Re: [RFC][PATCH 5/8] perf/x86/intel: Optimize intel_get_excl_constraints()

From: Stephane Eranian
Date: Tue Mar 19 2019 - 19:43:20 EST


On Thu, Mar 14, 2019 at 6:11 AM Peter Zijlstra <peterz@xxxxxxxxxxxxx> wrote:
>
> Avoid the POPCNT by noting we can decrement the weight for each
> cleared bit.
>
> Signed-off-by: Peter Zijlstra (Intel) <peterz@xxxxxxxxxxxxx>
Looks good to me.
Reviewed-by: Stephane Eranian <eranian@xxxxxxxxxx>

> ---
> arch/x86/events/intel/core.c | 22 +++++++++++++---------
> 1 file changed, 13 insertions(+), 9 deletions(-)
>
> --- a/arch/x86/events/intel/core.c
> +++ b/arch/x86/events/intel/core.c
> @@ -2838,7 +2838,7 @@ intel_get_excl_constraints(struct cpu_hw
> struct intel_excl_cntrs *excl_cntrs = cpuc->excl_cntrs;
> struct intel_excl_states *xlo;
> int tid = cpuc->excl_thread_id;
> - int is_excl, i;
> + int is_excl, i, w;
>
> /*
> * validating a group does not require
> @@ -2894,36 +2894,40 @@ intel_get_excl_constraints(struct cpu_hw
> * SHARED : sibling counter measuring non-exclusive event
> * UNUSED : sibling counter unused
> */
> + w = c->weight;
> for_each_set_bit(i, c->idxmsk, X86_PMC_IDX_MAX) {
> /*
> * exclusive event in sibling counter
> * our corresponding counter cannot be used
> * regardless of our event
> */
> - if (xlo->state[i] == INTEL_EXCL_EXCLUSIVE)

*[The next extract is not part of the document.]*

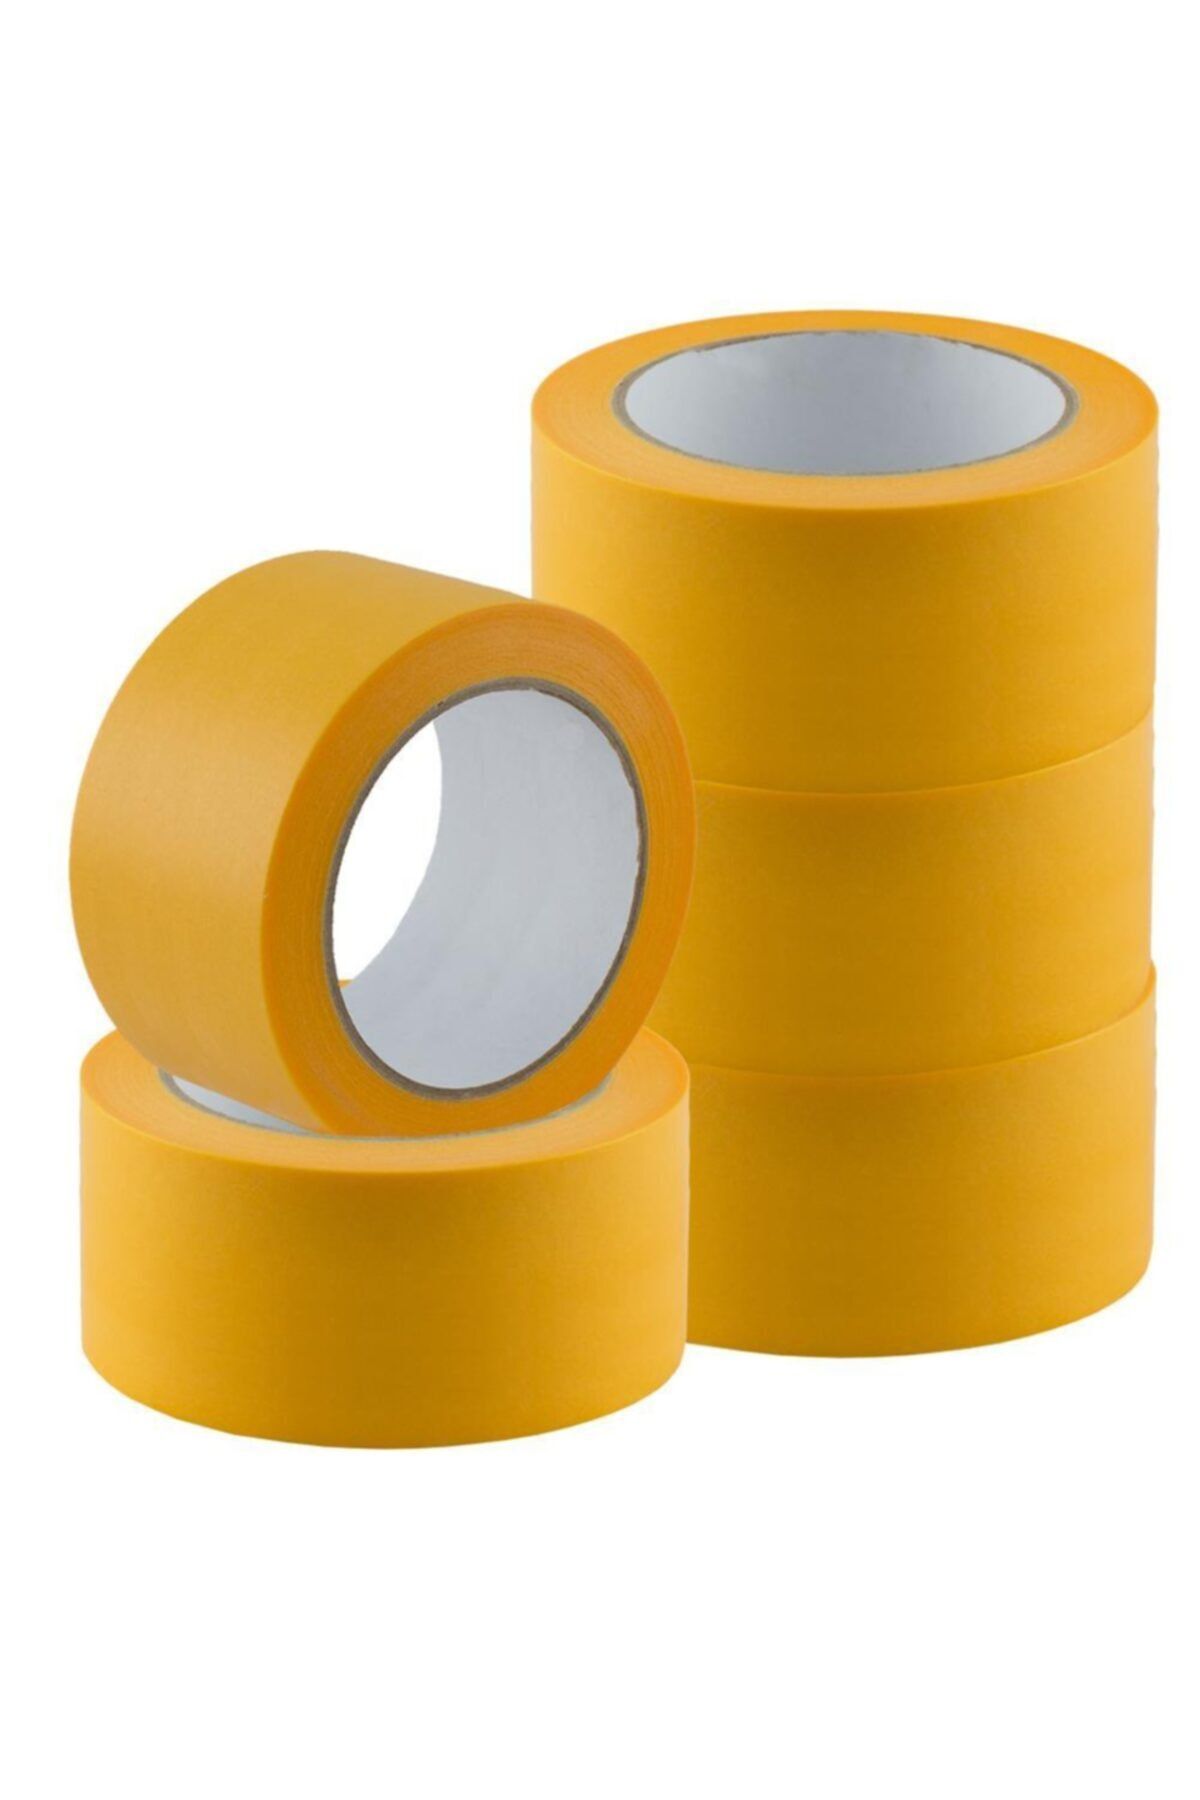 NewVario Washı Tape Gold Maskeleme Bandı 50 mm X 50 Metre 3 Adet

> + if (xlo->state[i] == INTEL_EXCL_EXCLUSIVE) {
> __clear_bit(i, c->idxmsk);
> + w--;
> + continue;
> + }
> /*
> * if measuring an exclusive event, sibling
> * measuring non-exclusive, then counter cannot
> * be used
> */
> - if (is_excl && xlo->state[i] == INTEL_EXCL_SHARED)

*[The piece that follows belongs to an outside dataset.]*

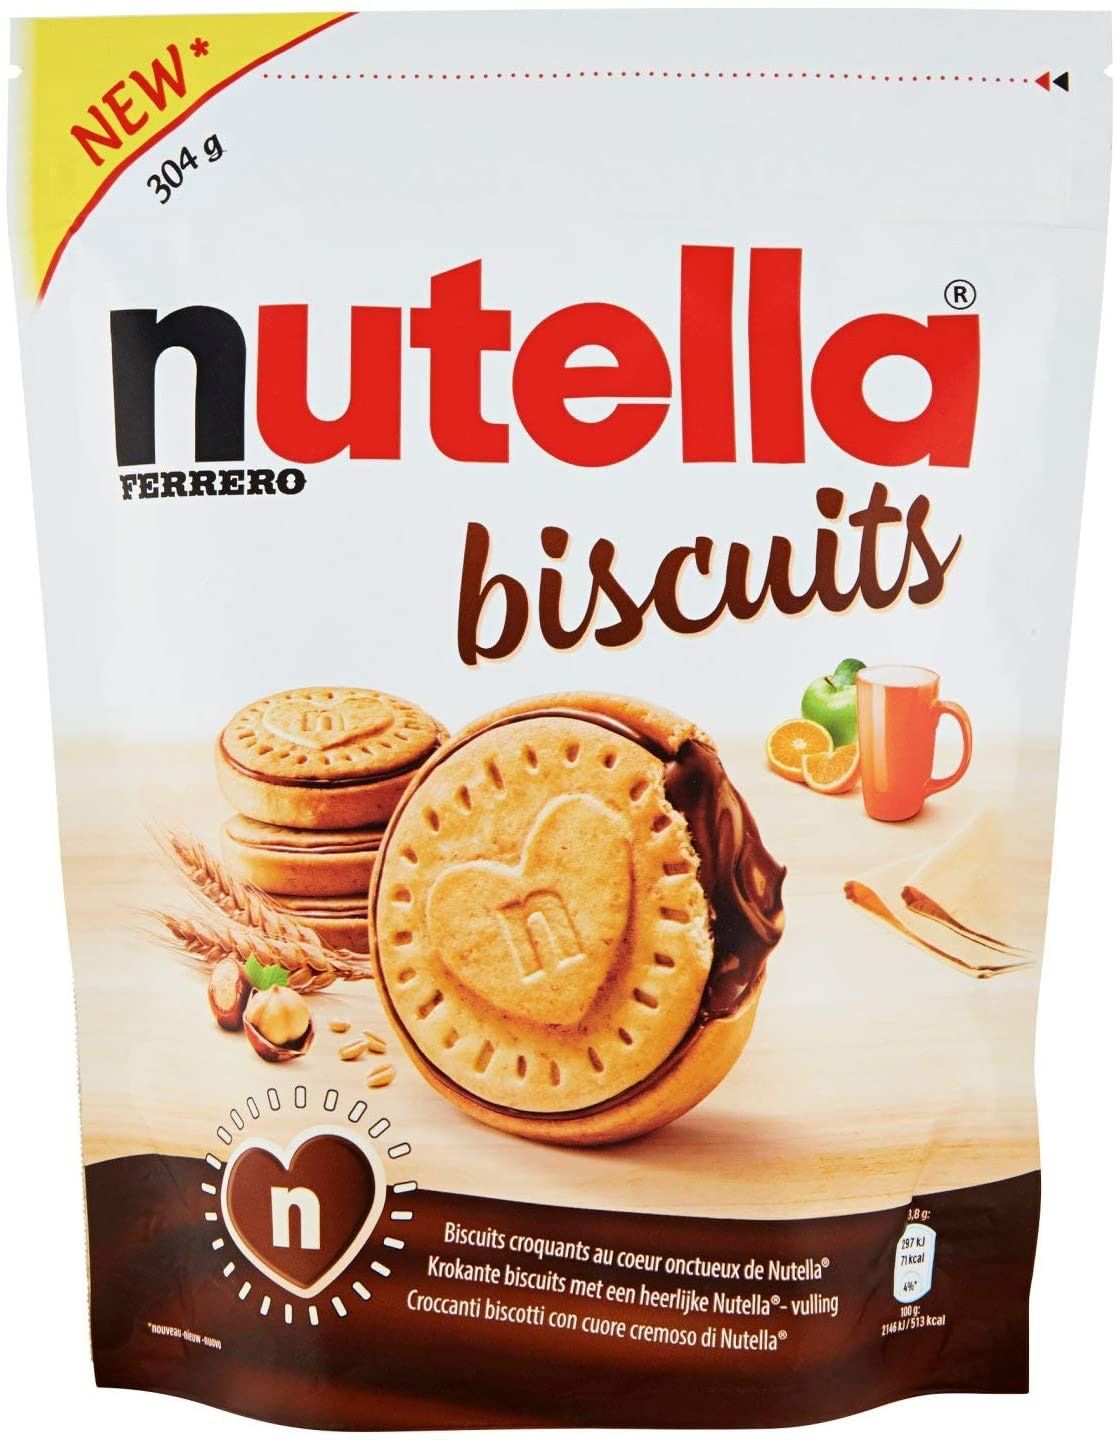 Спрете всичко, бисквити Nutella вече съществуват

> + if (is_excl && xlo->state[i] == INTEL_EXCL_SHARED) {
> __clear_bit(i, c->idxmsk);
> + w--;
> + continue;
> + }
> }
>
> /*
> - * recompute actual bit weight for scheduling algorithm
> - */
> - c->weight = hweight64(c->idxmsk64);
> -
> - /*
> * if we return an empty mask, then switch
> * back to static empty constraint to avoid
> * the cost of freeing later on
> */
> - if (c->weight == 0)
> + if (!w)
> c = &emptyconstraint;
>
> + c->weight = w;
> +
> return c;
> }
>
>
>